Enhancing Data Privacy with LLM Gateway Techniques

Use Processors!

A cutting-edge data-generating LLM Gateway like Gecholog.ai offers several features for managing traffic and logs. A key feature is the "processor" concept, which facilitates the execution of custom microservices to augment or modify the payload. These processors can operate before the LLM API on the request data, after the LLM API response is returned to the requester, or as post-processing microservices to redact, mask, modify or change the final stored logs.

Image: Flow Chart showing the Execution Order of Custom Processors in the LLM Gateway Gecholog.ai

Use PII Identification Services!

By leveraging a custom processor, it's possible to integrate any external API for identifying PII data in your payload, headers, or any other request data. For instance, Azure offers a suite of tools for Personal Identifiable Information detection. Alternatively, open-source tools like spaCy or various models from Hugging Face can be employed for entity recognition. (See our docs site a simple spaCy Python entity tagger.) The custom processor will use the external PII Identification Service on the payload, redact and put it back to the flow.

Choose what Data to Store!

Another capability in Gecholog.ai is the option to filter, i.e., select which fields in the log to store (see logger section of the Gecholog.ai configuration). This functionality allows for the user to configure storage of selected metadata only, such as timestamps, tags, token consumption, system messages, etc., which are necessary for tracking performance but do not contain any PII.
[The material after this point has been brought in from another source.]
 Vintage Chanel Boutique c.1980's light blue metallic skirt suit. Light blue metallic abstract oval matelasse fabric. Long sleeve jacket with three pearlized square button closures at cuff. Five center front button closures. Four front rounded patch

Summarization of PII Redaction Techniques Using LLM Gateway

Real-time Techniques – Control the Payloads

• Blocking: Implementing a mechanism to check requests in real-time and deny any that contain PII. This proactive approach prevents sensitive data from ever reaching the LLM API.
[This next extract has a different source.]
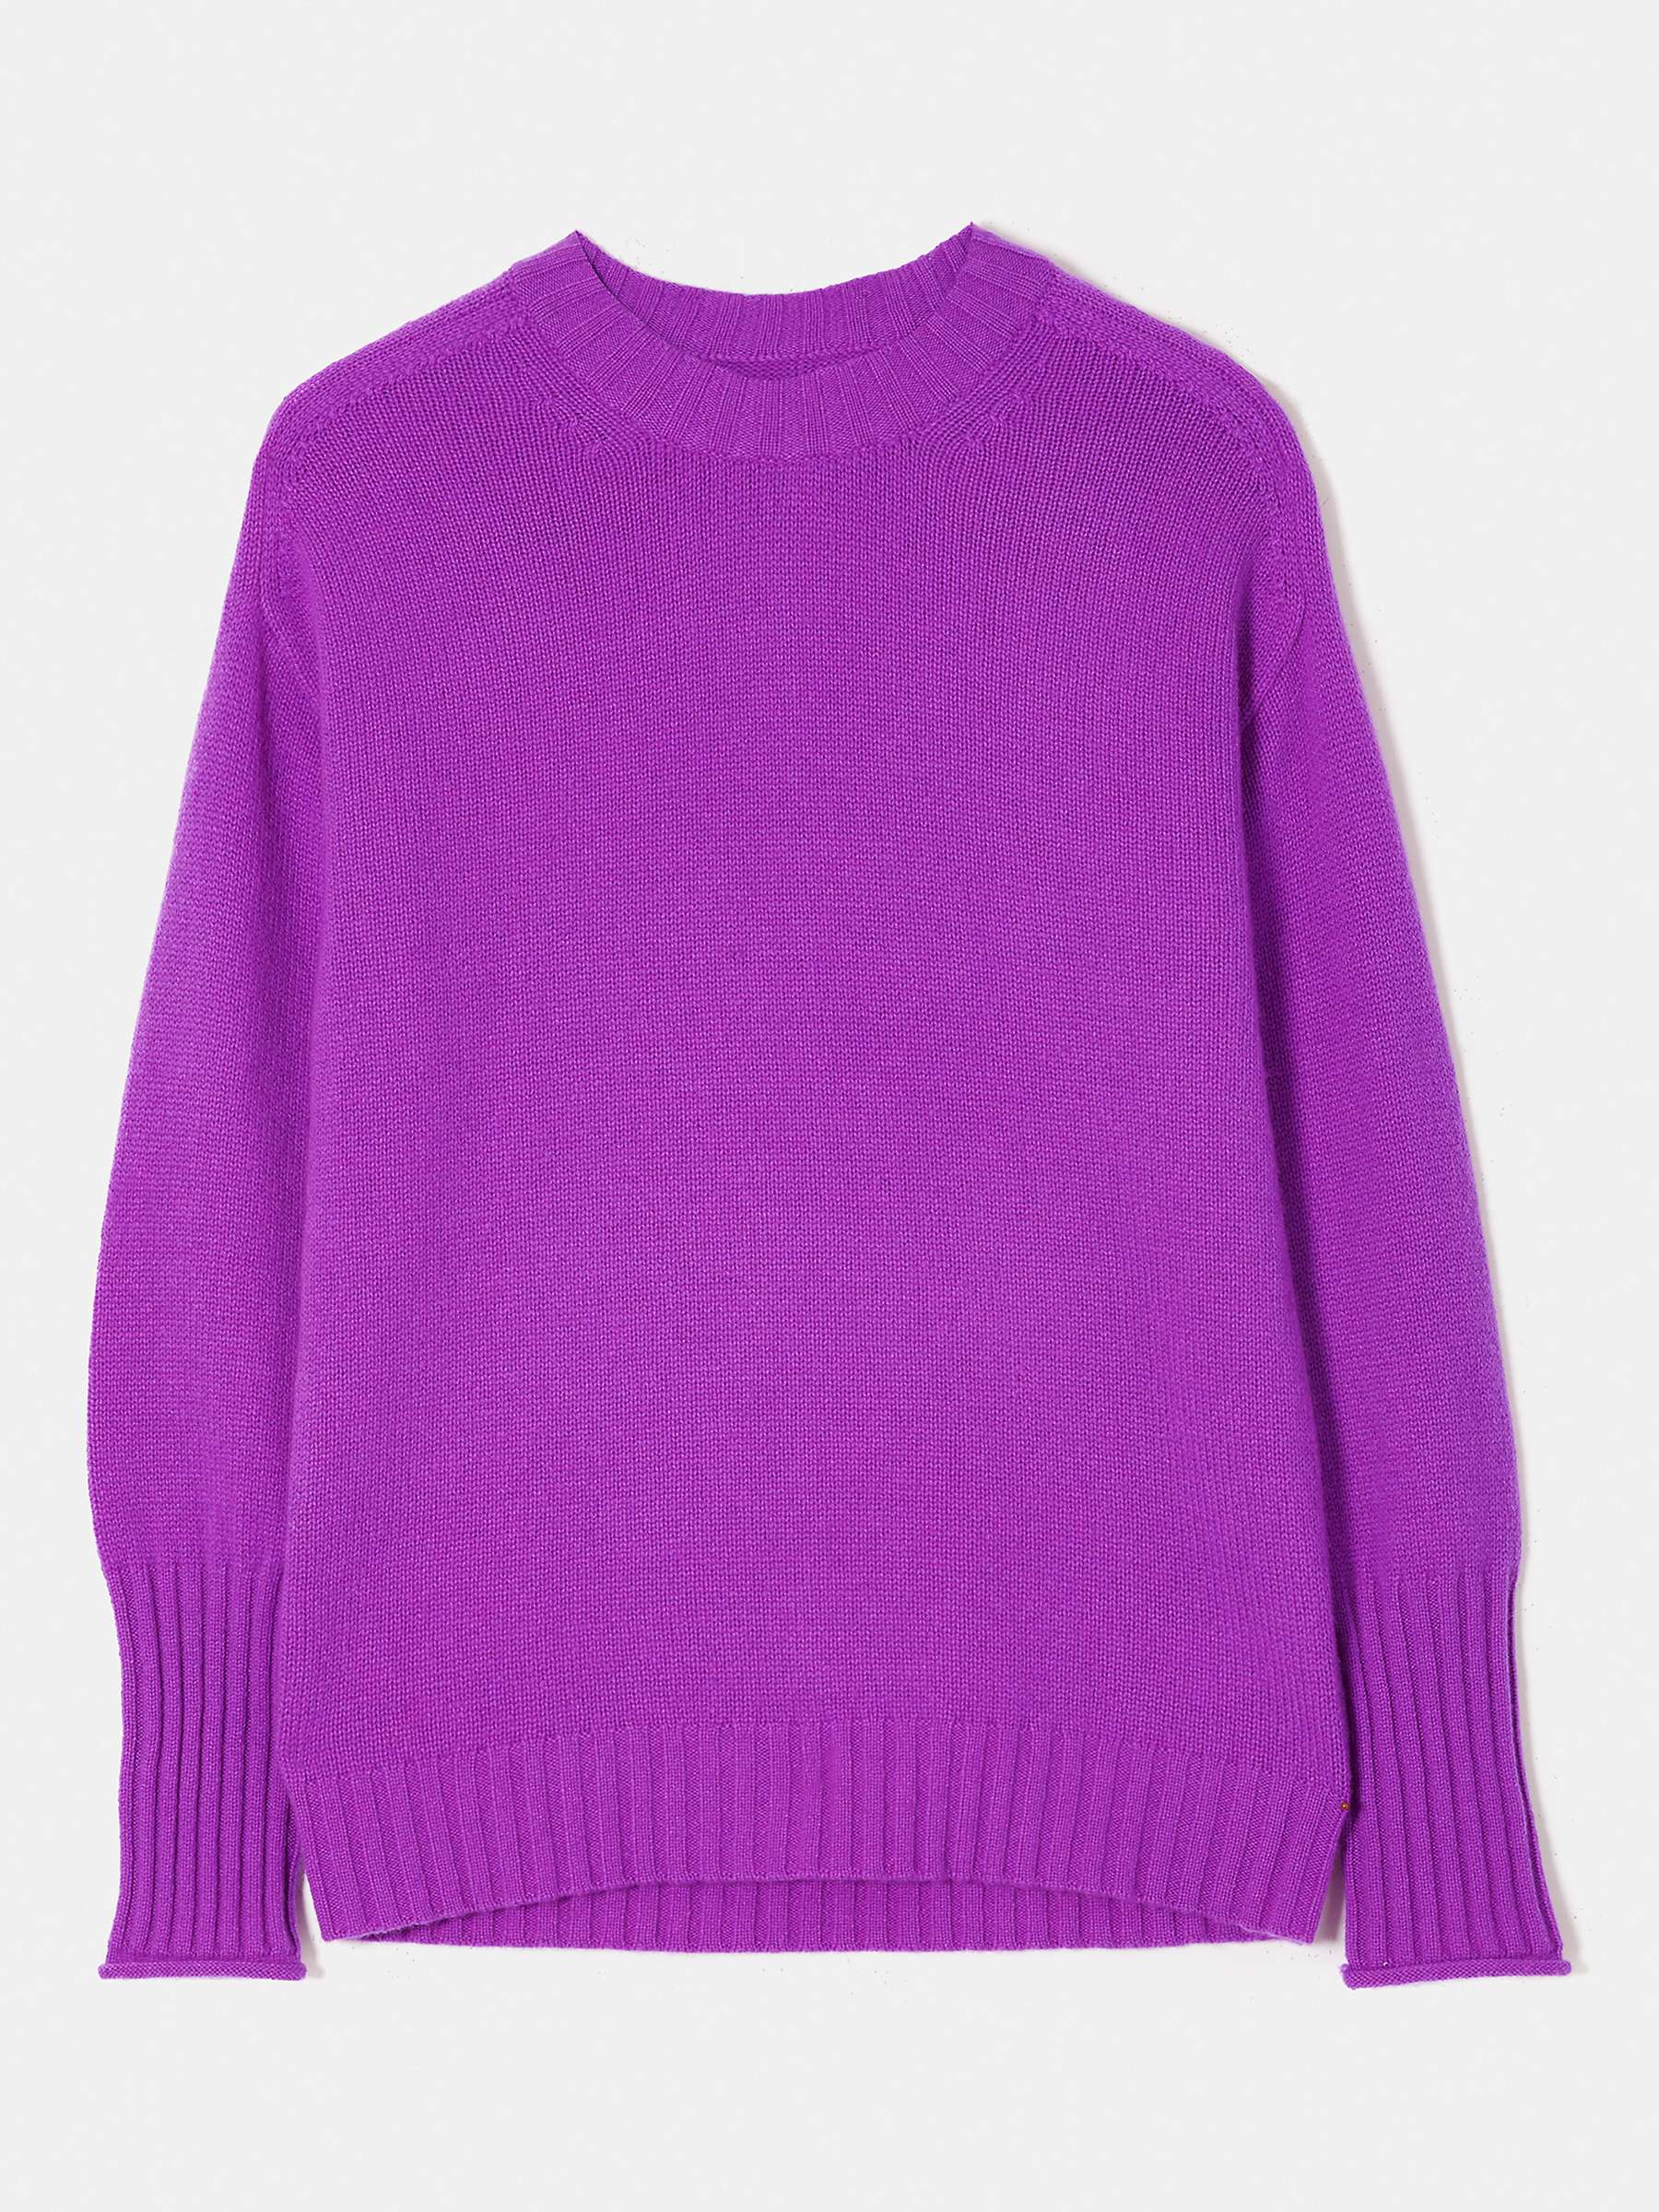 Jigsaw Cashmere Relaxed Crew Jumper, Purple at John Lewis & Partners

• Redact Ingress: Running pre-processing scripts to redact, replace, mask, or anonymize PII in the payload before it is sent to the LLM API. This step ensures that the LLM service processes only data that has been sanitized.

Post-Process Techniques – Control the Logs

• Redact Post: Proceeding with the request as usual, but ensuring that the logs are redacted of any PII. This technique involves scrubbing the logs post-call to remove sensitive information.

• Store Only Metrics: An alternative approach is to remove payload data from the logs while retaining metrics and other non-PII data. This strategy aids in preserving valuable analytical data without risking individual privacy.

Conclusion

In conclusion, removing PII from LLM logs can be essential for preserving user privacy and adhering to data protection regulations. Although LLM services offer various features to assist in this process, organizations should also consider additional techniques, like those involving an LLM Gateway as described in this article, effective in both real-time and post-processing scenarios, to ensure comprehensive protection. By integrating a mix of these strategies, businesses can harness the capabilities of LLM Analytics while maintaining the utmost standards of data privacy and security.